Chapter 20: Volcanoes in the Solar System

The Moon

Earth's moon is covered with vast plains of basaltic lava -- but no active volcanoes. Volcanism on the Moon ended billions of years ago.

The Earth's Moon has no large volcanoes like Hawaii or Mount St. Helens. However, vast plains of basaltic lavas cover much of the lunar surface. The earliest astronomers thought, wrongly, that these plains were seas of lunar water. Thus, they were called " mare " (pronounced "mahr-ay"). Mare means "sea" in Latin. In addition, other volcanic features also occur within the lunar mare. The most important are sinuous rilles , dark mantling deposits ,and small volcanic domes and cones . Most of these features are fairly small, however. They form only a tiny fraction of the lunar volcanic record.

1. Oceanus Procellarum	2. Mare Imbrium	3. Mare Cognitum	4. Mare Humorum
5. Mare Nubium	6. Mare Frigoris	7. Mare Serenitatis	8. Mare Vaporum
9. Mare Tranquillitatis	10. Mare Nectaris	11. Mare Humboldtianum	12. Mare Crisium
13. Mare Fecunditatis	14. Mare Marginis	15. Mare Smythii	16. Mare Australe
17. Mare Moscoviense	18. Mare Ingenii	19. Mare Orientale

Differences from Earth:

• Volcanism on the Moon differs in several ways from volcanism on the Earth. First, there is the matter of age. 
  • Volcanism on the Earth is an ongoing process. Many of Earth's volcanoes are quite young in geologic terms, often less than a few 100,000 years old. 
  • In contrast, most volcanism on the Moon appears to have occurred between 3 and 4 billion years ago. Typical mare samples are ~3,500,000,000 years old. Even the youngest mare flows have estimated ages of nearly 1 billion years. These "young" rocks have not been sampled or directly dated, however, so this age is very poorly known. For comparison, the oldest dated rock on the Earth is ~3.9 billion years old. The oldest sea floor basalts on Earth are only about 200 million (0.2 billion) years old. Because the Moon does not show any evidence for recent volcanic or geologic activity, it is sometimes called a "dead" planet.

   

  The settings of mare volcanism reveal another major difference from volcanism on the Earth. 

   

  • Specifically, Earth's volcanoes mostly occur within long linear mountain chains. Mountain chains like the Andes mark the edge of a lithospheric plate. Mountain chains like the Hawaiian Islands mark past plate movements over a mantle hotspot. 
  • In contrast, the mare typically occur in the bottoms of very large, very old impact craters. Thus, most of the mare are nearly circular in shape. 
  • Further, lunar mountain chains form the edges of these impact basins and tend to surround the lunar mare. There is no evidence that any system of plate tectonics ever developed on the Moon. 

   

  • Finally, the lunar mare are primarily found on one side of the Moon. They cover nearly one third of the lunar nearside (see figure), but less than 2% of the lunar farside. The surface is much higher on the farside, however, and the crust is typically much thicker there as well. Thus, the primary factors controlling volcanism on the Moon appear to be surface elevation and crustal thickness.

   

Finally, there are some major physical differences between volcanism on the Earth and on the Moon. 

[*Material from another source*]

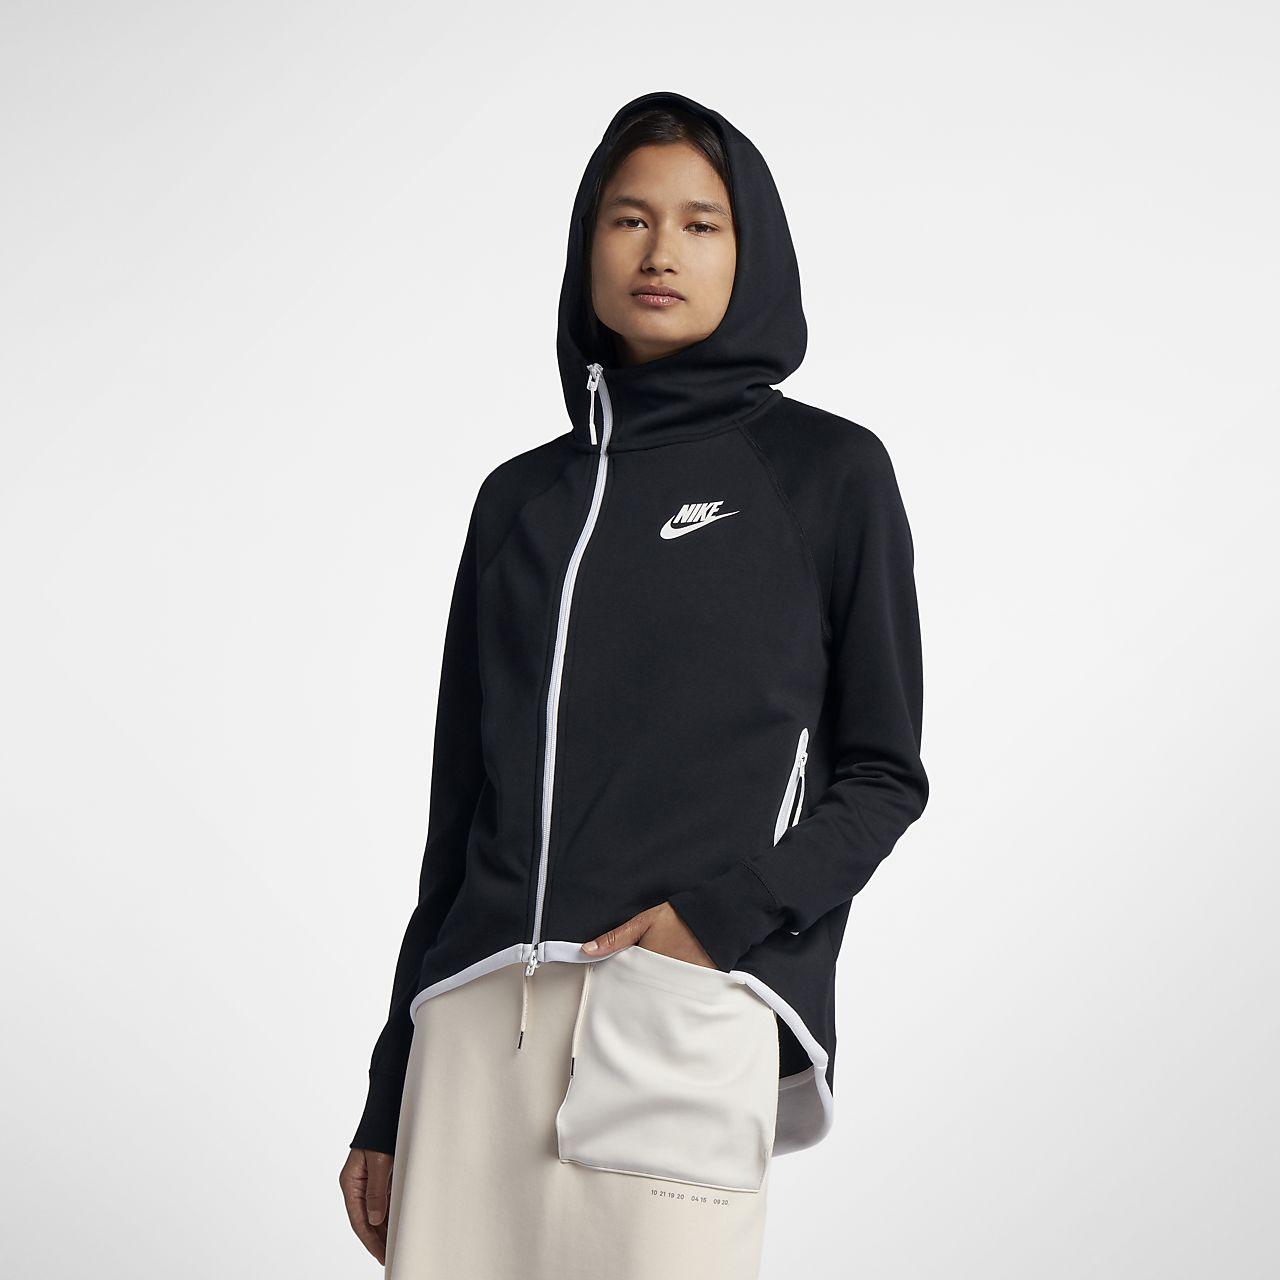 Capa con cierre completo para mujer Nike Sportswear Tech Fleece

• First, lunar gravity is only one sixth that of the Earth's. This means that the forces driving lava flow are weaker on the Moon. Thus, the very flat and smooth mare surfaces imply that mare lavas were very fluid. They could both flow very easily and spread out over large areas. 

 

• Also, the low gravity means that explosive eruptions can throw debris further on the Moon than on the Earth. Indeed, such eruptions on the Moon should spread lavas out into a broad flat layer and not into the cone-shaped features seen on the Earth. This gives one reason for why large volcanoes are not seen on the Moon. 

 

• Second, the Moon has essentially no dissolved water. The lunar mare are all bone dry. In contrast, water is one of the most common gases in Earth lavas. Water also plays a major role in driving violent eruptions on the Earth. Thus, the lack of lunar water should strongly affect lunar volcanism. In particular, without water, violent explosive eruptions are much less likely on the Moon. Instead, lavas should just flow smoothly and quietly out onto the surface.

MARS

Major Sites of Volcanism

Overview

• Mars has the largest shield volcanoes in the solar system.  
• It also has a wide range of other volcanic features. These include large volcanic cones, unusual patera structures, mare-like volcanic plains, and a number of other smaller features. However, volcanic features are not common. There are less than 20 named volcanoes on Mars, and only 5 of these are giant shields.  
• Also, volcanism occurs mostly within three regions. Even the mare-like plains cluster near these regions. The main cluster of volcanoes and lavas is in Tharsis. A much smaller cluster of three volcanoes lies in Elysium. Lastly, a few paterae are near the Hellas impact basin.

Differences from Moon

Age

Like the Moon, volcanism on Mars is very old. 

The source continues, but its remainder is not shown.